# ___Stacking & Blending - Supervised Machine Learning___

## ___Stacking___

_Stacked Generalization or “Stacking” for short is an ensemble machine learning algorithm._

_It involves combining the predictions from multiple machine learning models on the same dataset, like bagging and boosting._

_The architecture of a stacking model involves two or more base models, often referred to as level-0 models, and a meta-model that combines the predictions of the base models, referred to as a level-1 model._

* ___Level-0 Models (Base-Models)___ _: Models fit on the training data and whose predictions are compiled._
* ___Level-1 Model (Meta-Model)___ _: Model that learns how to best combine the predictions of the base models._

![image.png](attachment:image.png)

_Stacking uses a similar idea to k-folds cross validation to create out-of-sample predictions._

_The key word here is __out-of-sample__, since if we were to use predictions from the M models that are fit to all the training data, then the second level model will be biased towards the best of M models. This will be of no use._

_As an illustration of this point, let’s say that model 1 has lower training accuracy, than model 2 on the training data. There may however be data points where model 1 performs better, but for some reason it performs terribly on others (see figure below). Instead, model 2 may have a better overall performance on all the data points, but it has worse performance on the very set of points where model 1 is better. The idea is to combine these two models where they perform the best. This is why creating out-of-sample predictions have a higher chance of capturing distinct regions where each model performs the best._

![image.png](attachment:image.png)

_First, let me describe what I mean by stacking. The idea is to divide the training set into several pieces like you would do in k-folds cross validation. For each fold, the rest of the folds are used to obtain a predictions using all the models 1…M. The best way to explain this is by the figure below:_

![image.png](attachment:image.png)

_Here, we divide our training data into N folds, and hold the Nth fold out for validation (i.e. the holdout fold). Suppose we have M number of models (we will later use M=3). As the figure shows, prediction for each fold (Fj) is obtained from a fit using the rest of the folds and collected in an out-of-sample predictions matrix (Xoos). Namely, the level 2 training data Xl2 is Xoos. This is repeated for each of the models. The out-of -sample prediction matrix (Xoos) will then be used in a second level training (by some method of choice) to obtain the final predictions for all the data points.
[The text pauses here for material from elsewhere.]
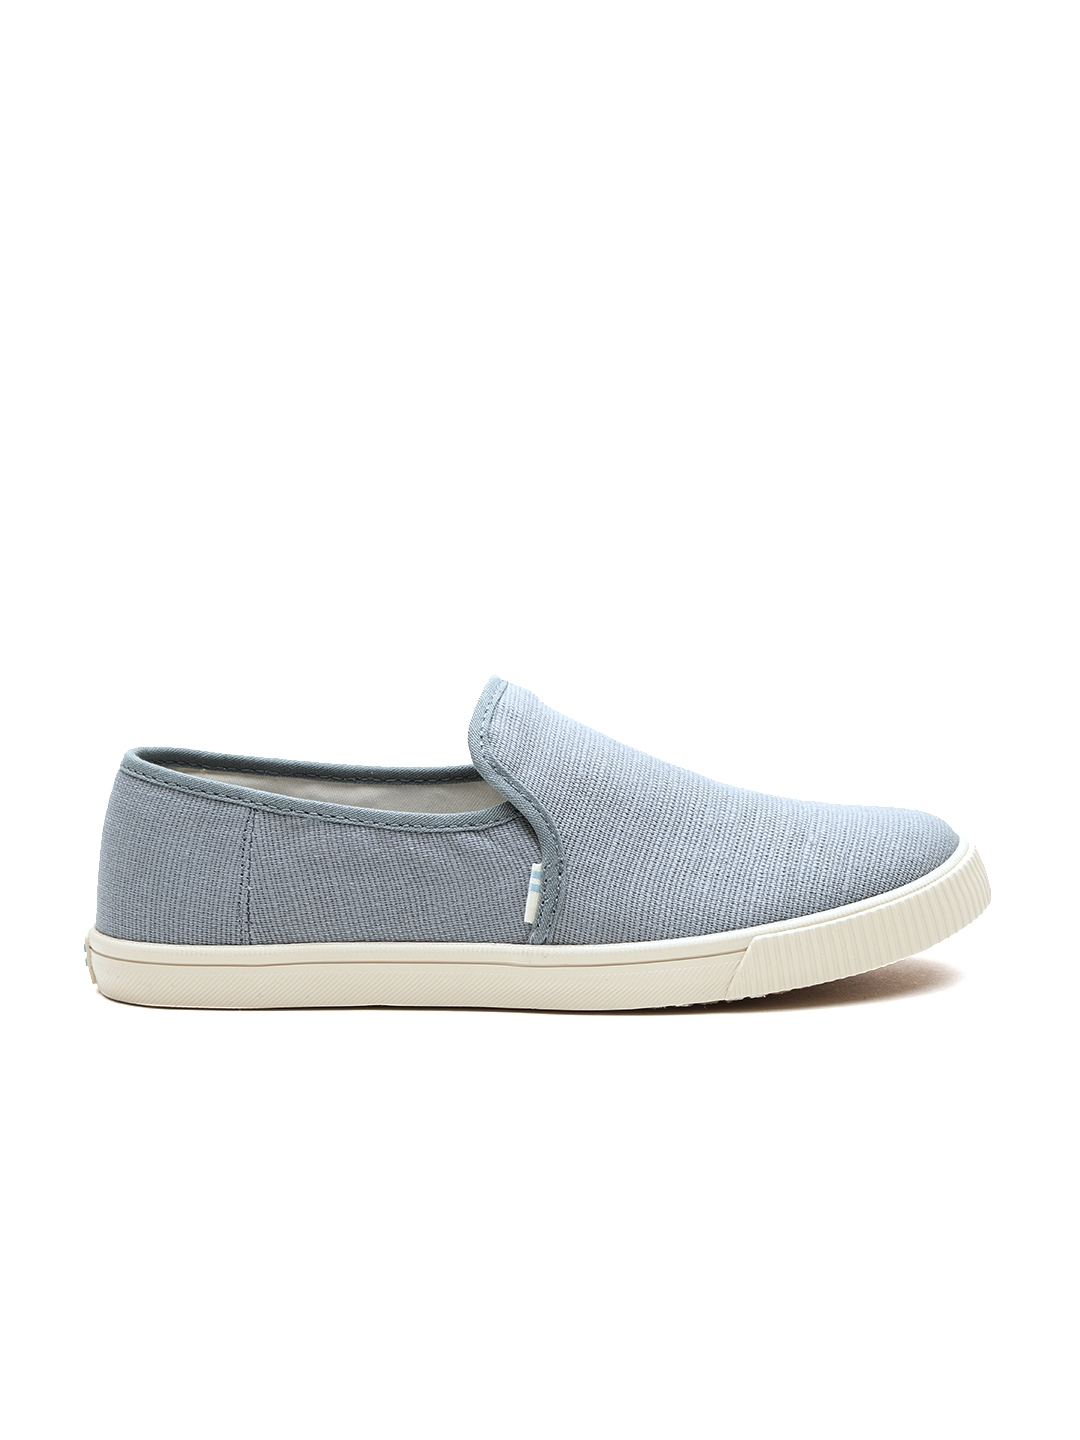 Buy TOMS Women Blue Slip On Sneakers - Casual Shoes for Women 9556181 ...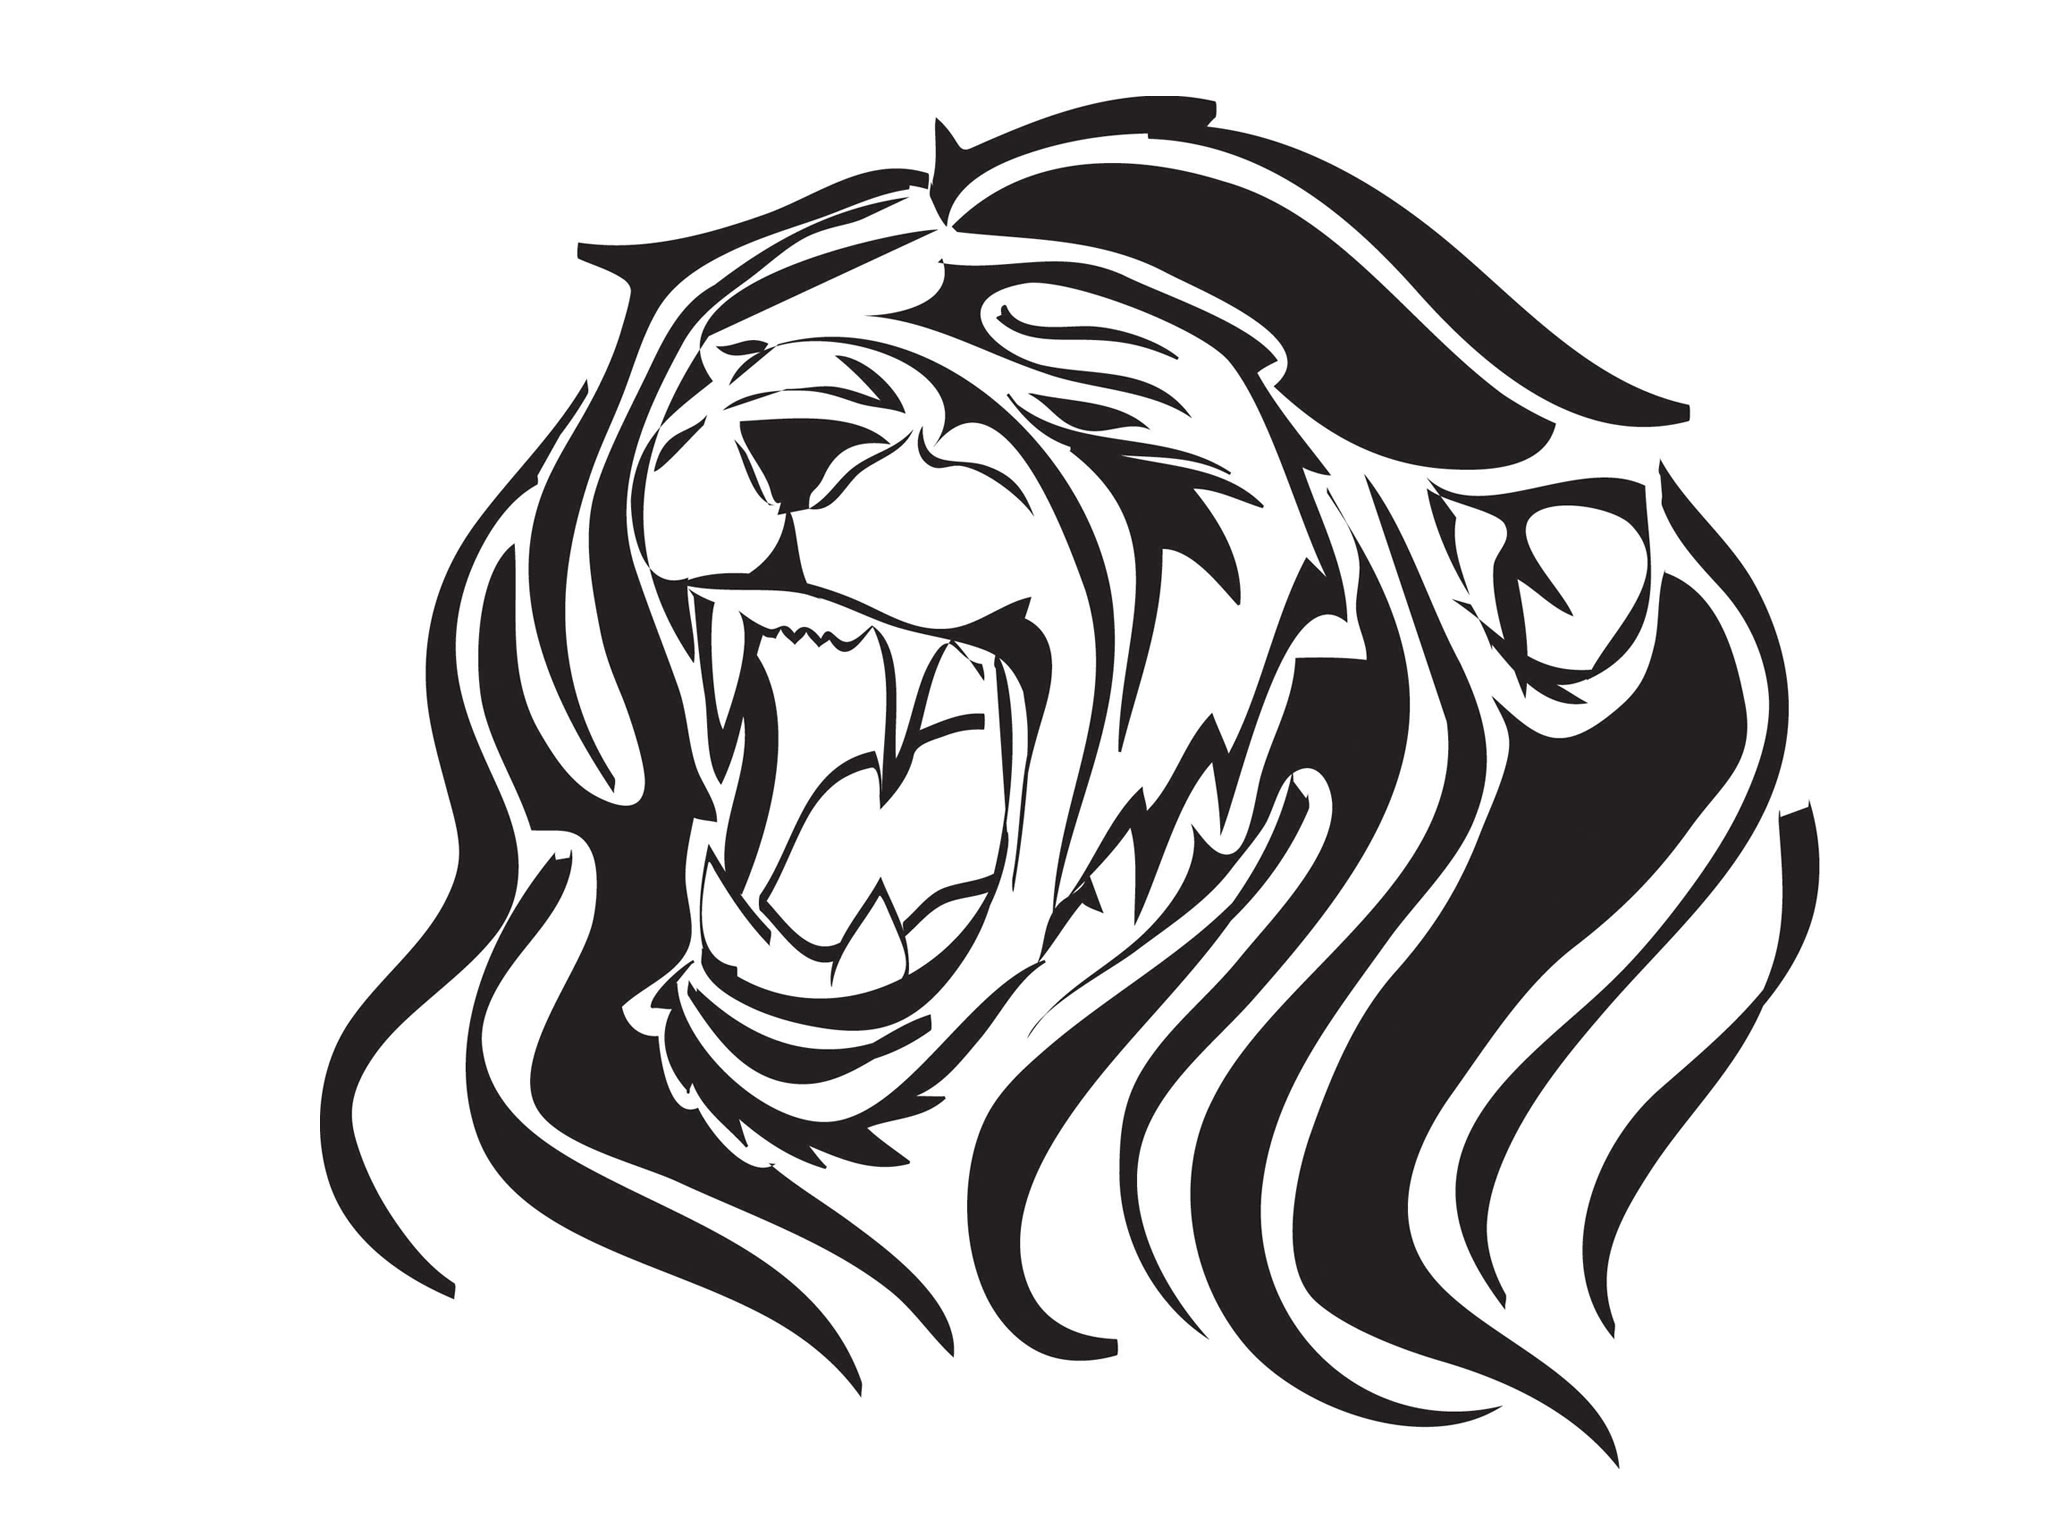 Images Of Roaring Lions - Clipart library

There are several points to note:_

* _We have not simply stacked the predictions on all the training data from the M models column-by-column to create a second level training data, due to the problem mentioned above (the fact that the second level training will simply choose the best of the M models)._

* _By using out-of-sample predictions, we still have a large data to train the second level model. We just need to train on Xoos and predict on the holdout fold (Nth). This is in contrast to model ensembles._

_Now, each model (1...M) can be trained on the (N-1) folds and a prediction on the holdout fold (Nth) can be made. There is nothing new here. But what we do is that, using the second level model which is trained on Xoos, we will obtain predictions on the holdout data. We want that the predictions from the second level training be better than each of the M predictions from the original models. If not, we will have to restructure the way we combine models._

## ___Blending___

_Blending is a similar approach to stacking._

* _The train set is split into training and validation sets._
* _We train the base models on the training set._
* _We make predictions only on the validation set and the test set._
* _The validation predictions are used as features to build a new model._
* _This model is used to make final predictions on the test set using the prediction values as features._

In [1]:
import numpy as np
import pandas as pd
import warnings
warnings.filterwarnings('ignore')

from sklearn.model_selection import train_test_split
from sklearn.model_selection import cross_val_score
from sklearn.model_selection import StratifiedKFold

from sklearn.ensemble import RandomForestClassifier
from sklearn.tree import DecisionTreeClassifier
from sklearn.neighbors import KNeighborsClassifier
from sklearn.linear_model import LogisticRegression

from sklearn.metrics import accuracy_score
from sklearn import preprocessing

In [2]:
df = pd.read_csv(r"C:\Users\PiyushSin\Desktop\datasets\sonar.all-data.csv", header=None)
df.head()

Unnamed: 0,0,1,2,3,4,5,6,7,8,9,...,51,52,53,54,55,56,57,58,59,60
0,0.02,0.0371,0.0428,0.0207,0.0954,0.0986,0.1539,0.1601,0.3109,0.2111,...,0.0027,0.0065,0.0159,0.0072,0.0167,0.018,0.0084,0.009,0.0032,R
1,0.0453,0.0523,0.0843,0.0689,0.1183,0.2583,0.2156,0.3481,0.3337,0.2872,...,0.0084,0.0089,0.0048,0.0094,0.0191,0.014,0.0049,0.0052,0.0044,R
2,0.0262,0.0582,0.1099,0.1083,0.0974,0.228,0.2431,0.3771,0.5598,0.6194,...,0.0232,0.0166,0.0095,0.018,0.0244,0.0316,0.0164,0.0095,0.0078,R
3,0.01,0.0171,0.0623,0.0205,0.0205,0.0368,0.1098,0.1276,0.0598,0.1264,...,0.0121,0.0036,0.015,0.0085,0.0073,0.005,0.0044,0.004,0.0117,R
4,0.0762,0.0666,0.0481,0.0394,0.059,0.0649,0.1209,0.2467,0.3564,0.4459,...,0.0031,0.0054,0.0105,0.011,0.0015,0.0072,0.0048,0.0107,0.0094,R


In [3]:
X = df.iloc[:,:-1]
print(X.shape)

(208, 60)


In [4]:
y=df.iloc[:,-1]

In [5]:
le = preprocessing.LabelEncoder()
le.fit(["R","M"])

LabelEncoder()

In [6]:
list(le.classes_)

['M', 'R']

In [7]:
y=le.transform(y)

In [8]:
#Lets split our data in train and test 
X_train,X_test,y_train,y_test=train_test_split(X,y,random_state=1)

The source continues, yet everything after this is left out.